### Exercise instructions
Since pictures are not part of the copy, please output only the lines from the one with "The Herd - Art by Shao Yuan Zhang" through the end of the data below, exactly as written.

[Available data Boundary: Start]

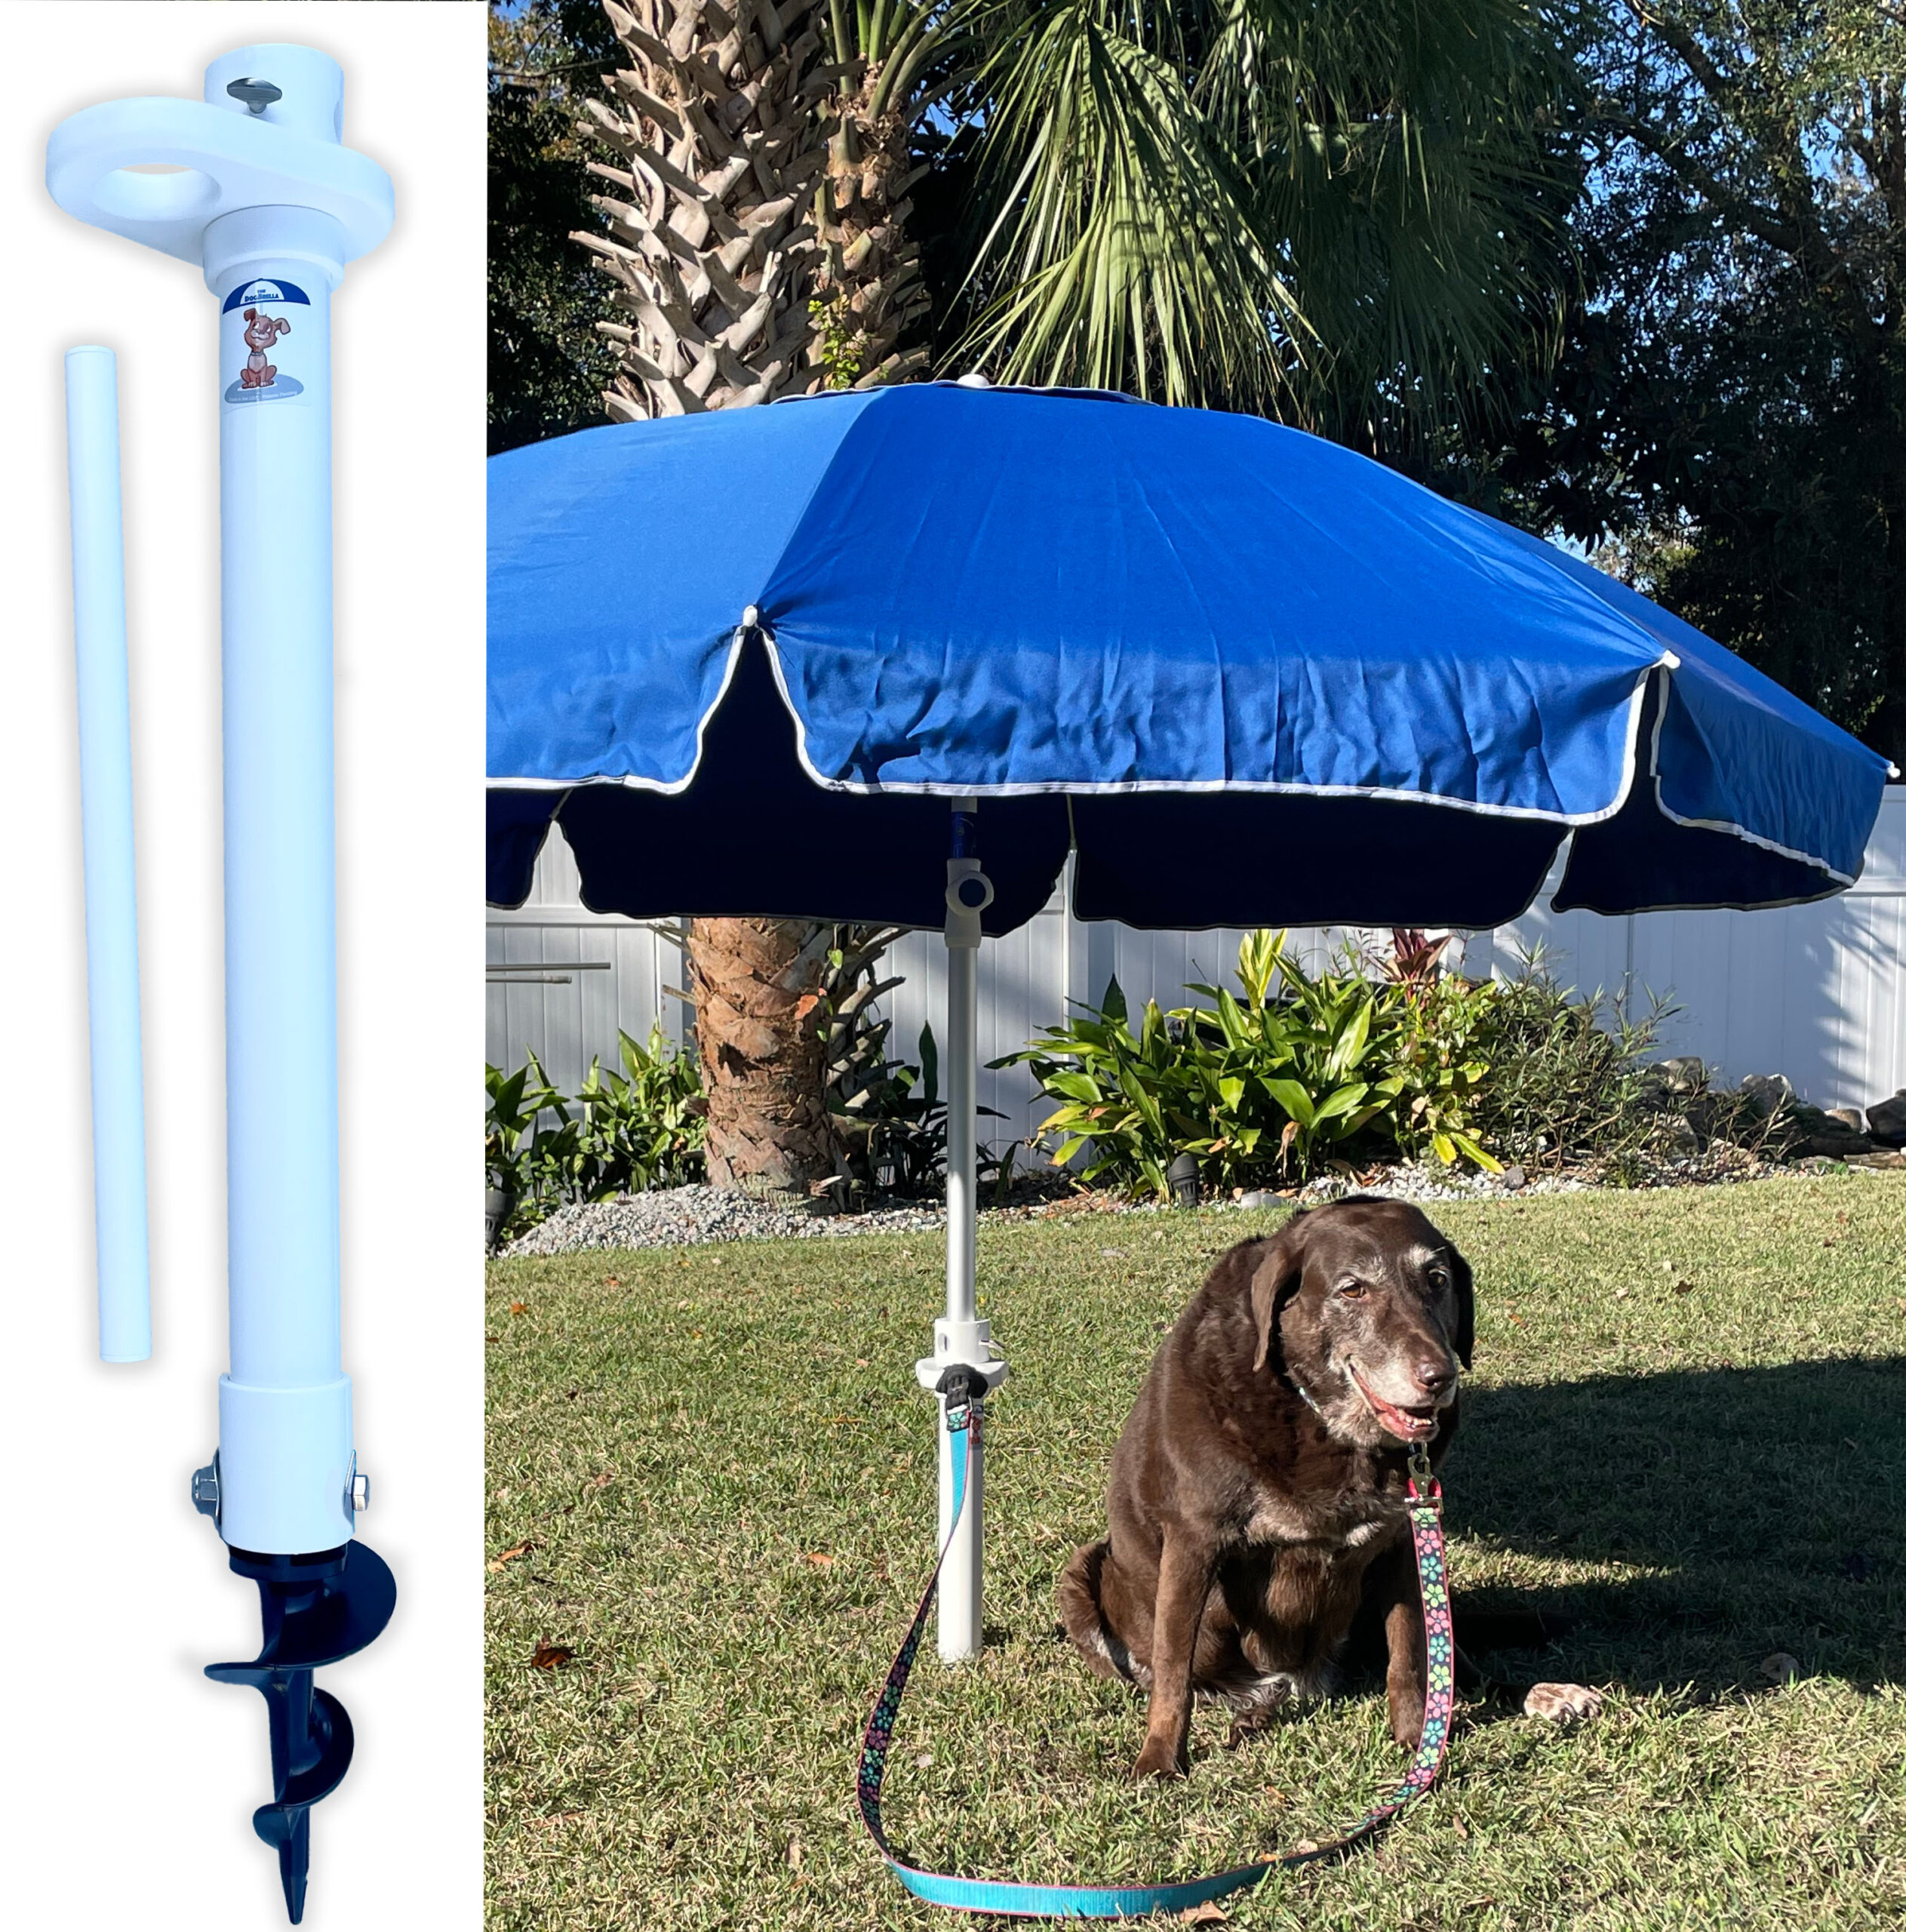 DogBrella Pet Leash umbrella tie down system
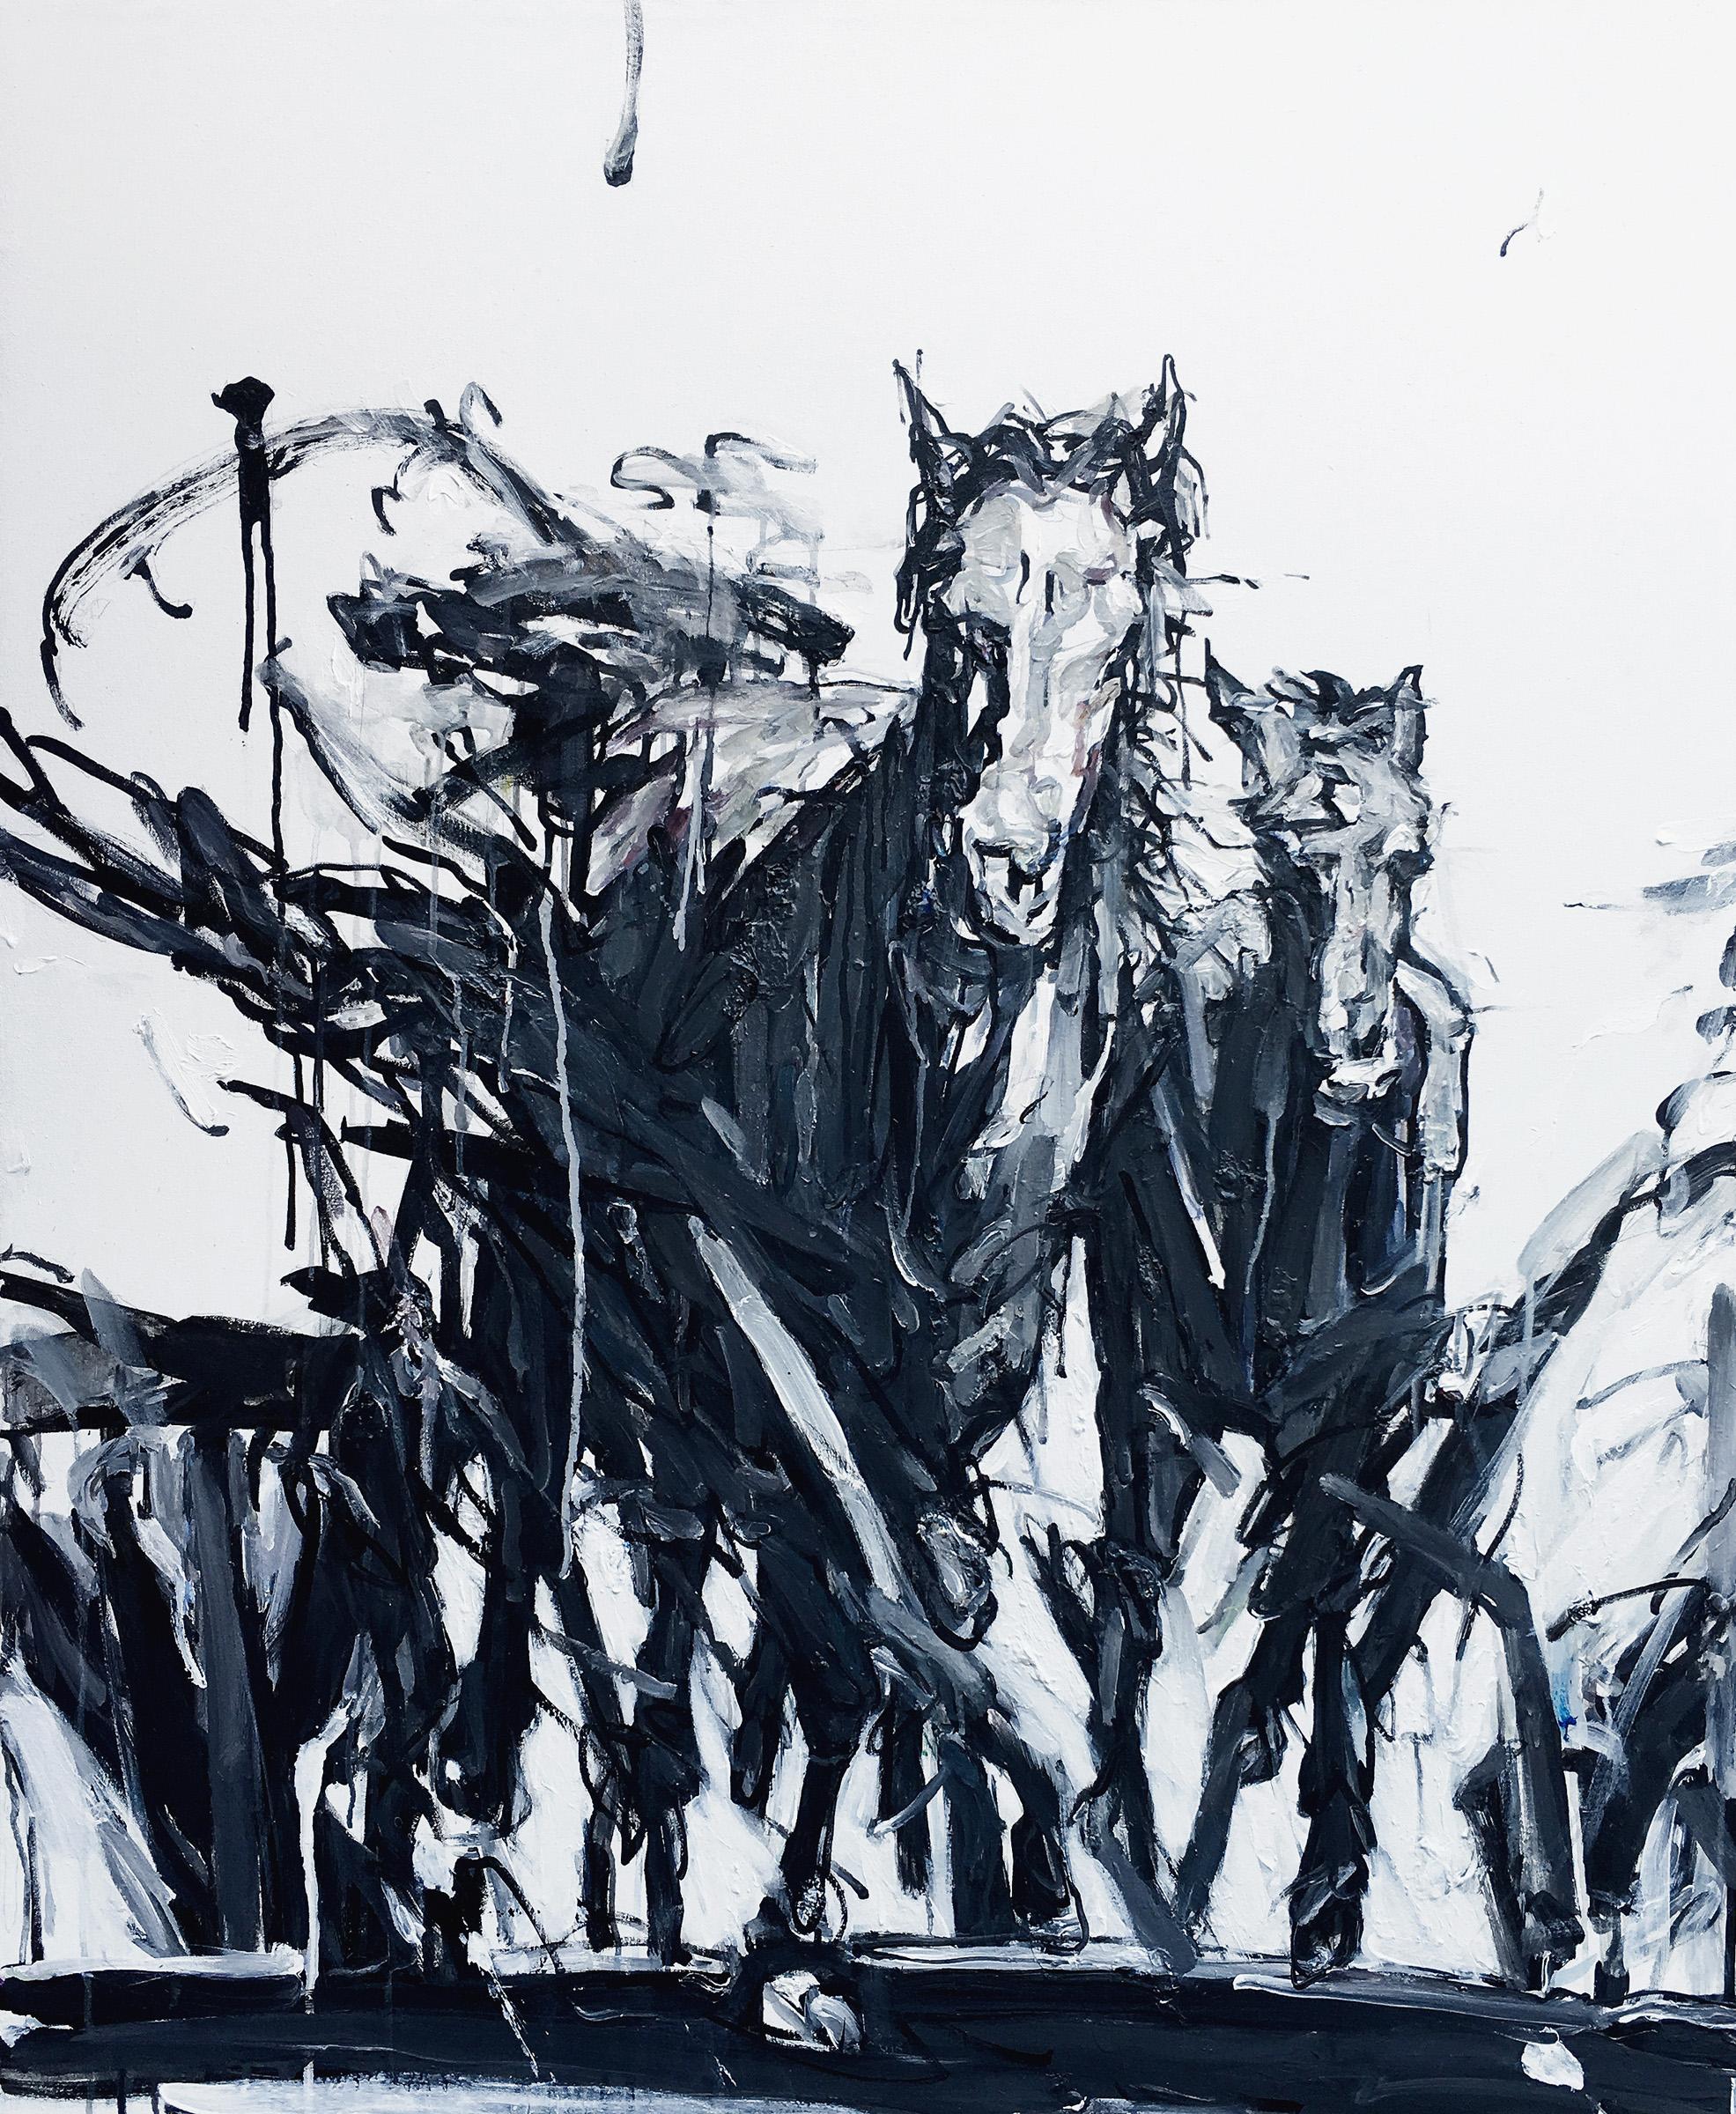 The Herd - Art by Shao Yuan Zhang
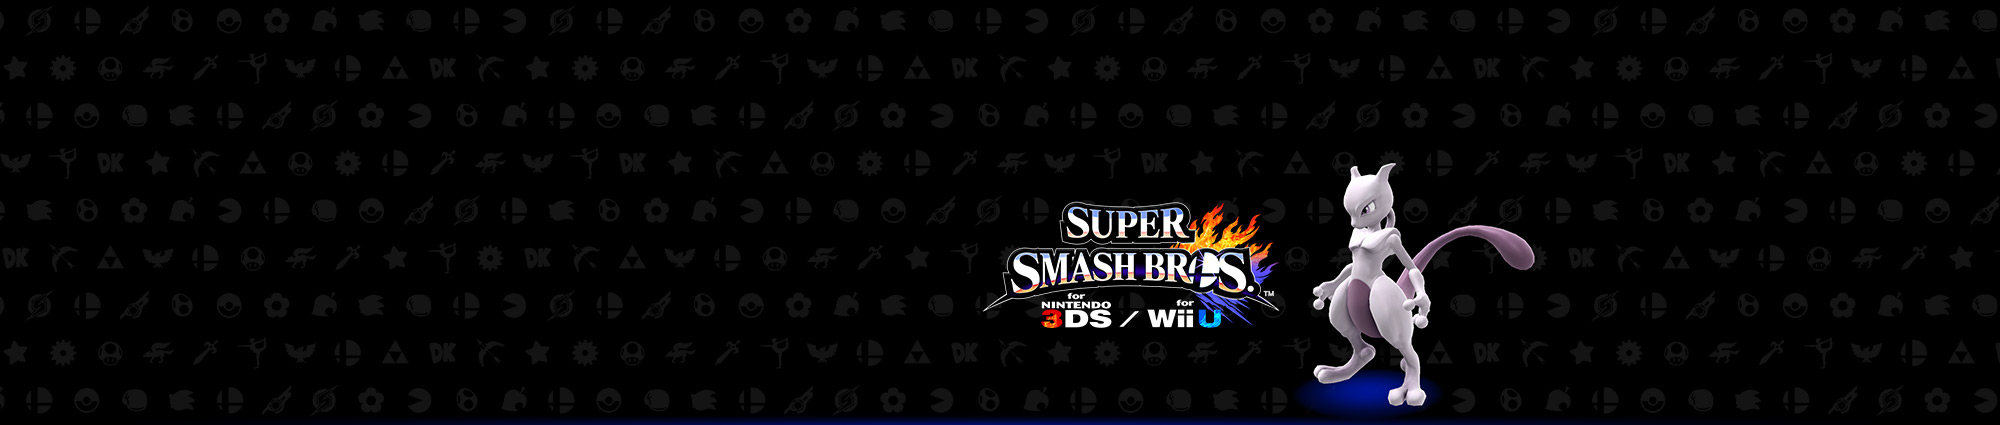 Promoção Club Nintendo - Super Smash Bros.
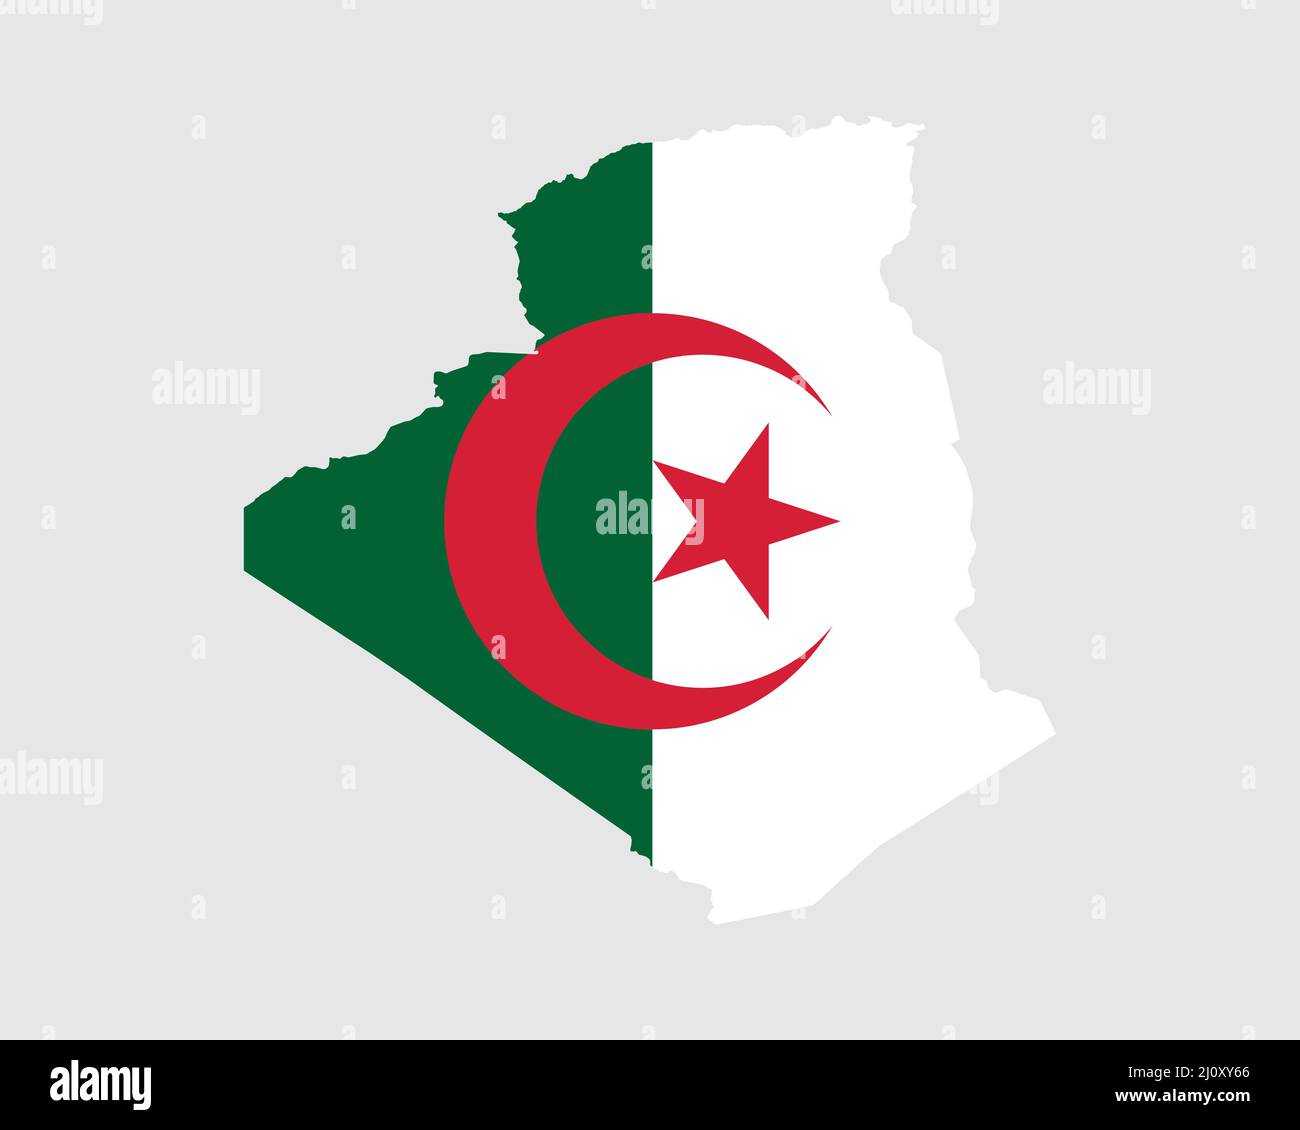 Bandera del mapa argelino. Mapa de Argelia con la bandera nacional de Argelia aislada sobre fondo blanco. Ilustración vectorial. Ilustración del Vector

[Available data Boundary: End]

### Your solution
 The Herd - Art by Shao Yuan Zhang
 Promoção Club Nintendo - Super Smash Bros.
 Bandera del mapa argelino. Mapa de Argelia con la bandera nacional de Argelia aislada sobre fondo blanco. Ilustración vectorial. Ilustración del Vector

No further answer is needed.